• _WHAT IS EXPECTED_: A verbatim copy of all the data is required; the pictures should not appear in it.

:: DATASET EXCERPT ::

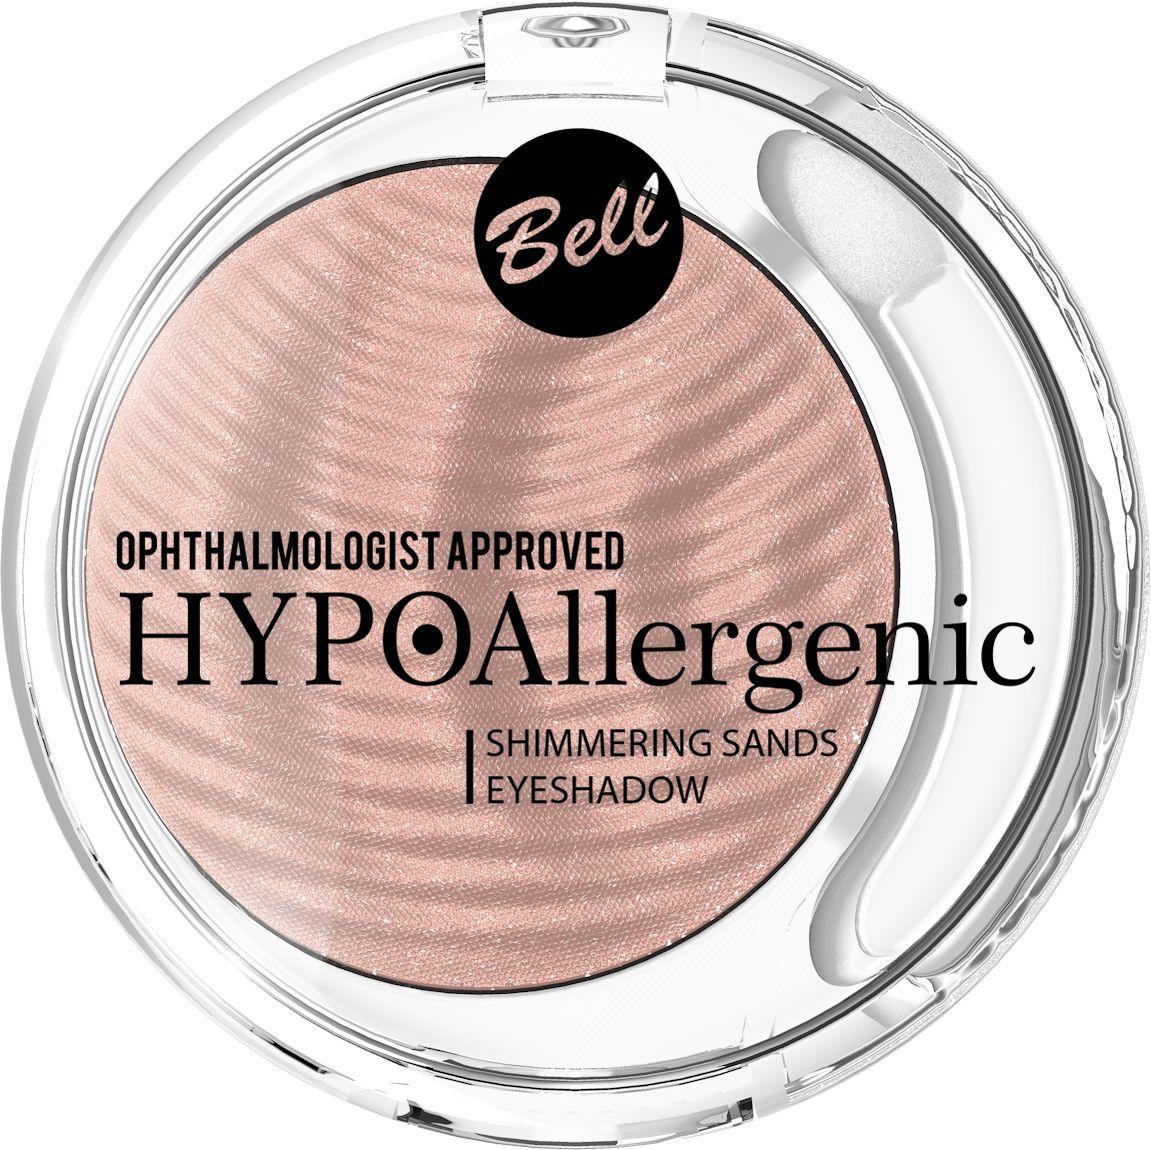 Bell Hypoallergenic Кремовые тени для век Shimmering Sands Eyeshadow, Тон №02BcssHA002
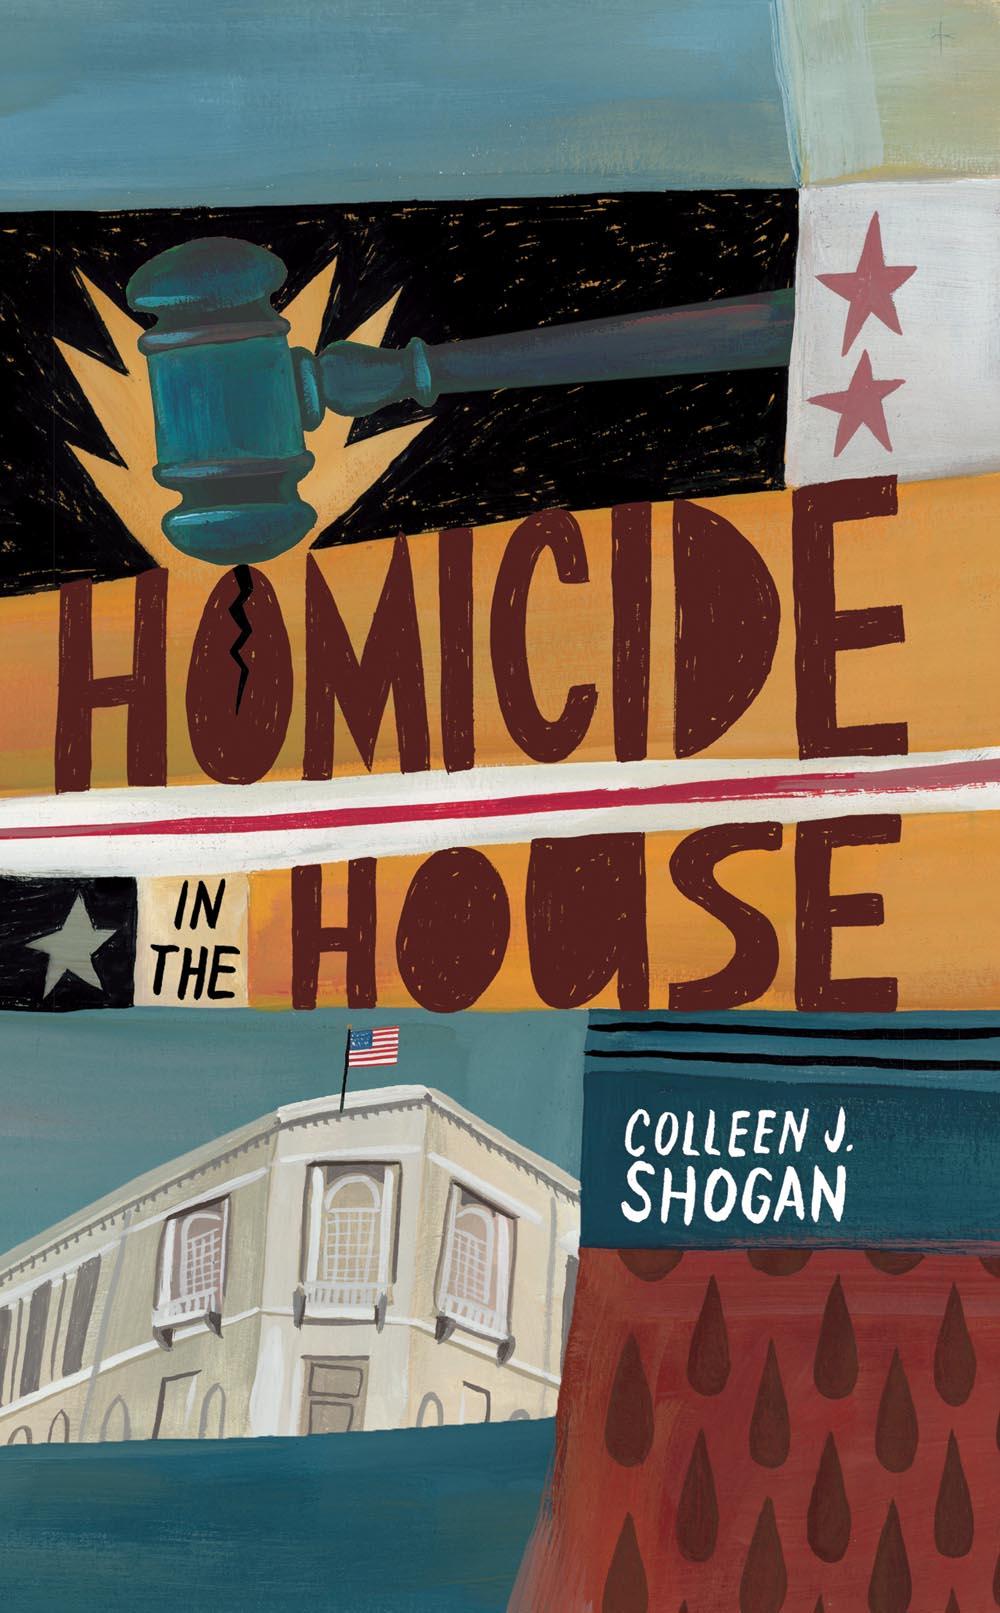 ©Mark Hoffmann illustration Homicide in the House
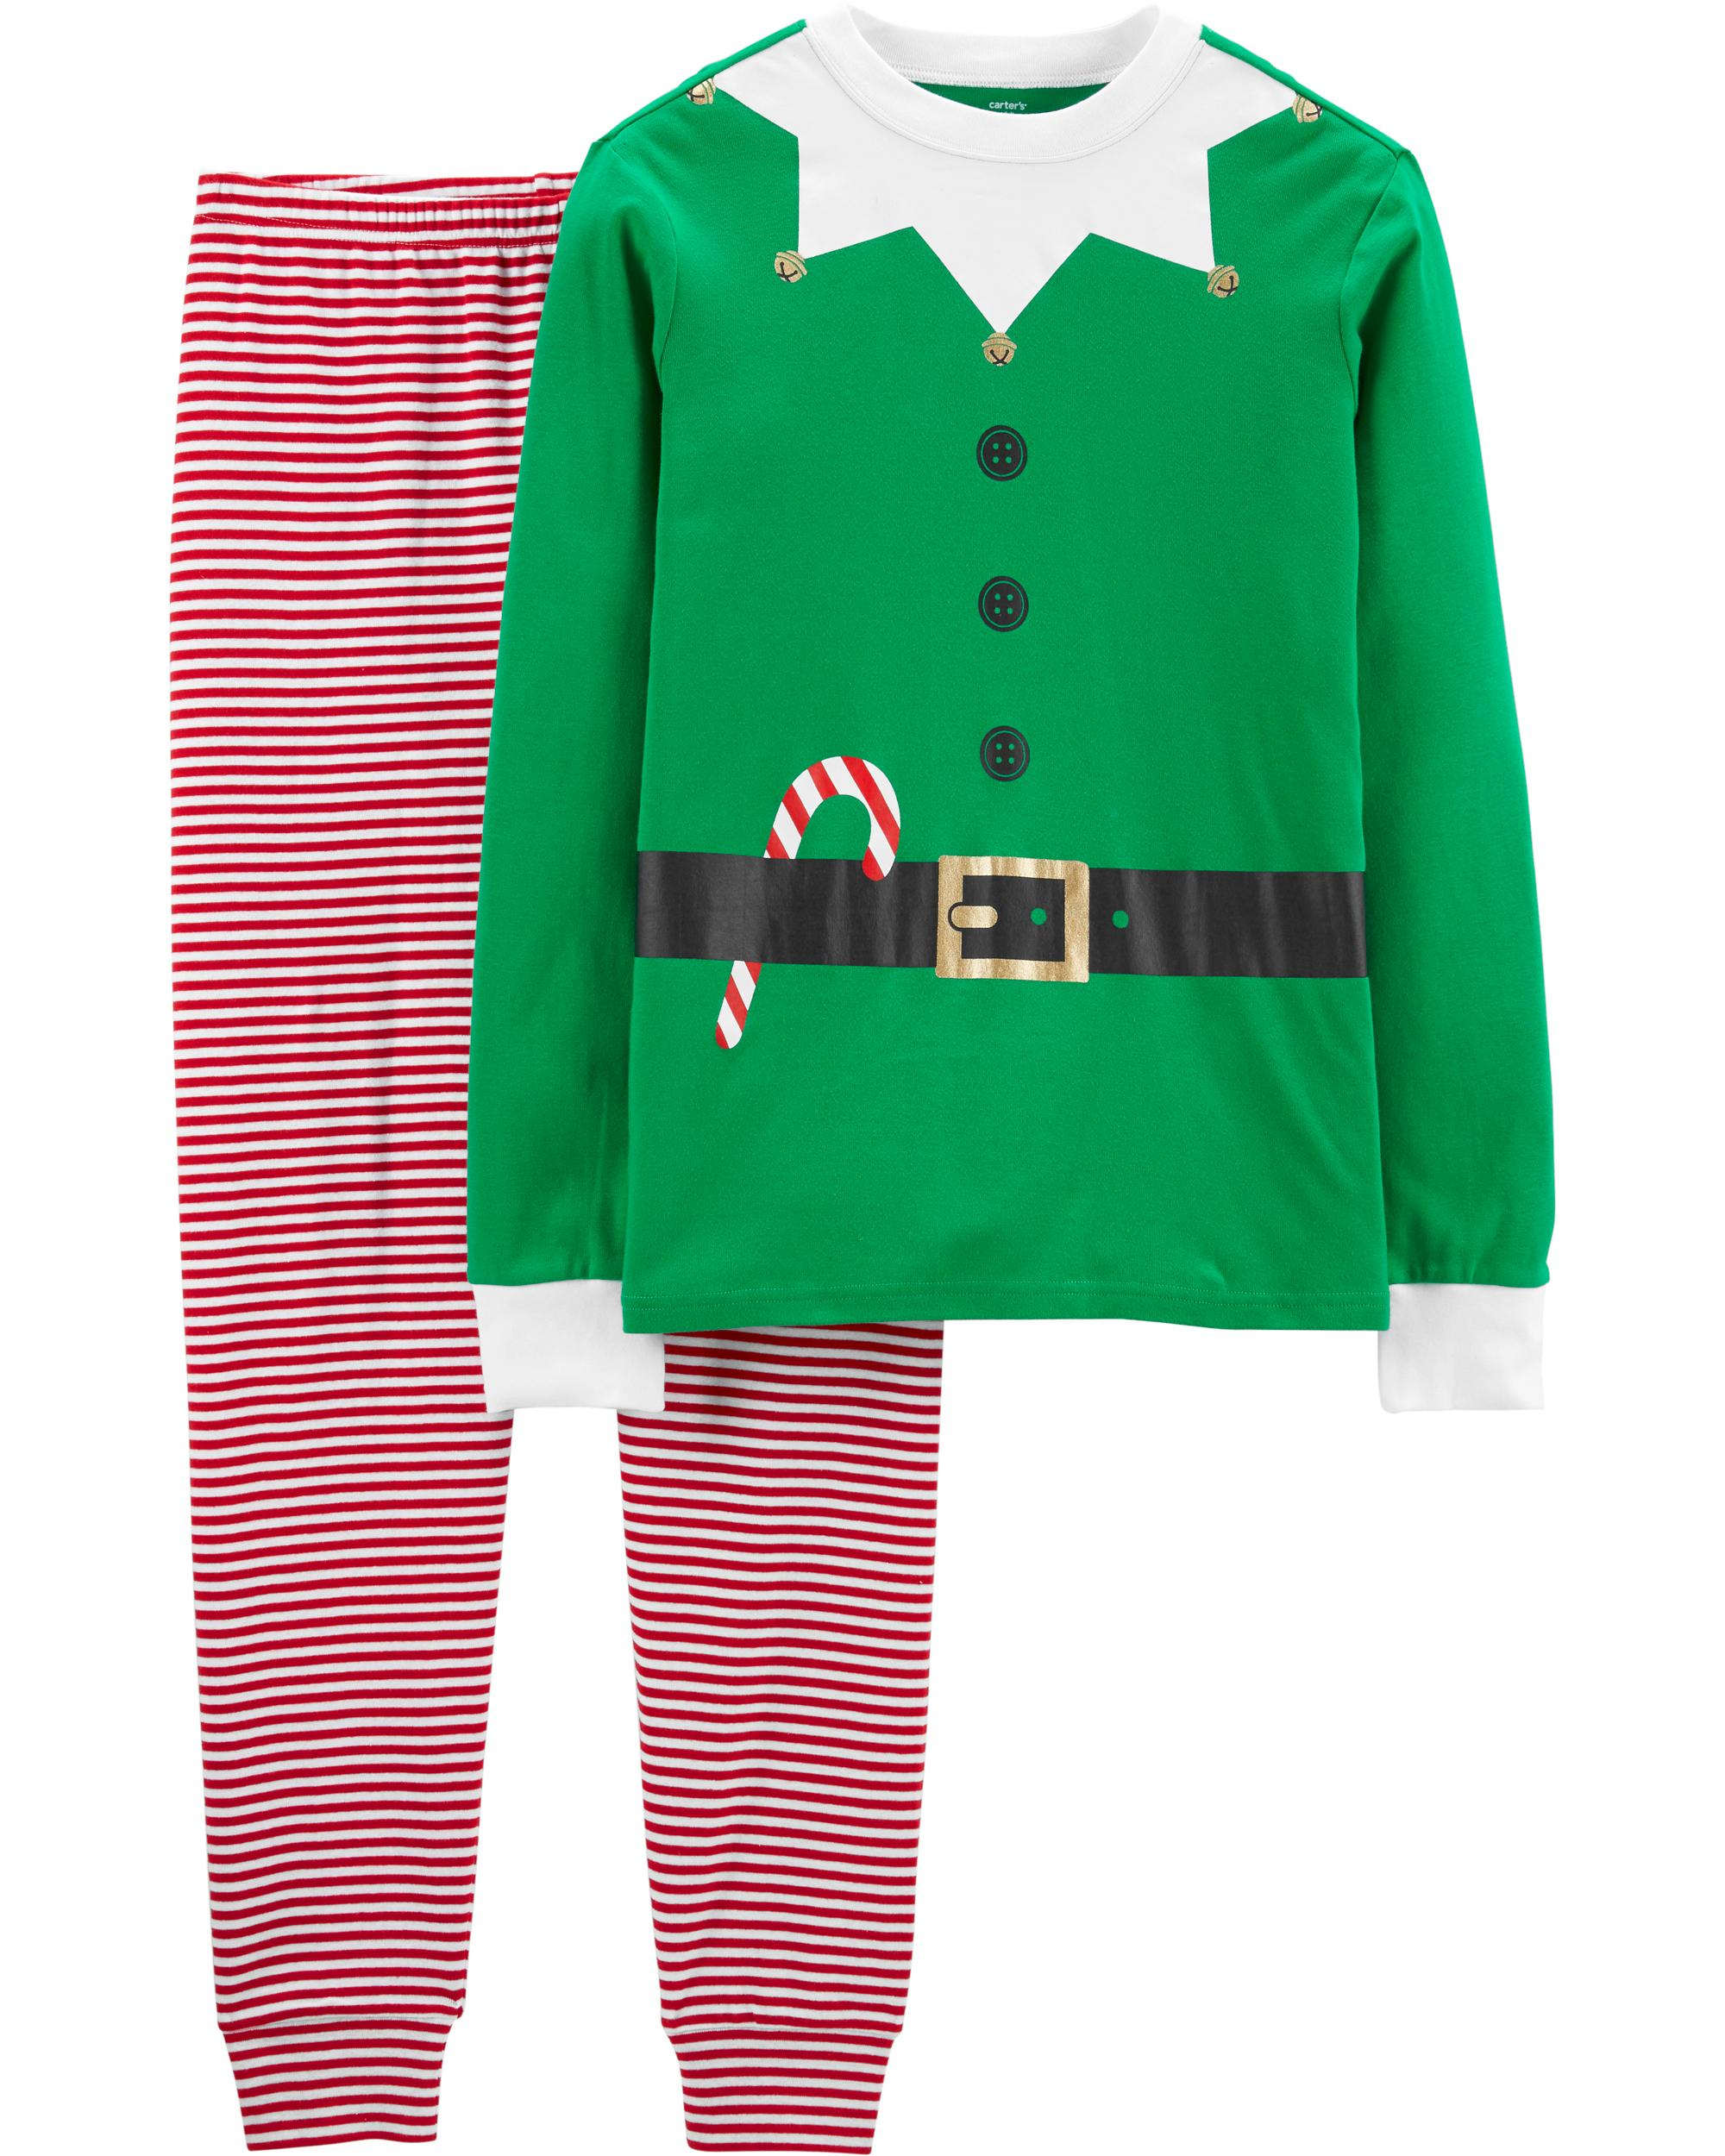 32bd46b28d84c Family Matching Holiday Elf Pajamas | carters.com

:::

• _RESULT FOR THIS TASK_:
 Bell Hypoallergenic Кремовые тени для век Shimmering Sands Eyeshadow, Тон №02BcssHA002
 ©Mark Hoffmann illustration Homicide in the House
 32bd46b28d84c Family Matching Holiday Elf Pajamas | carters.com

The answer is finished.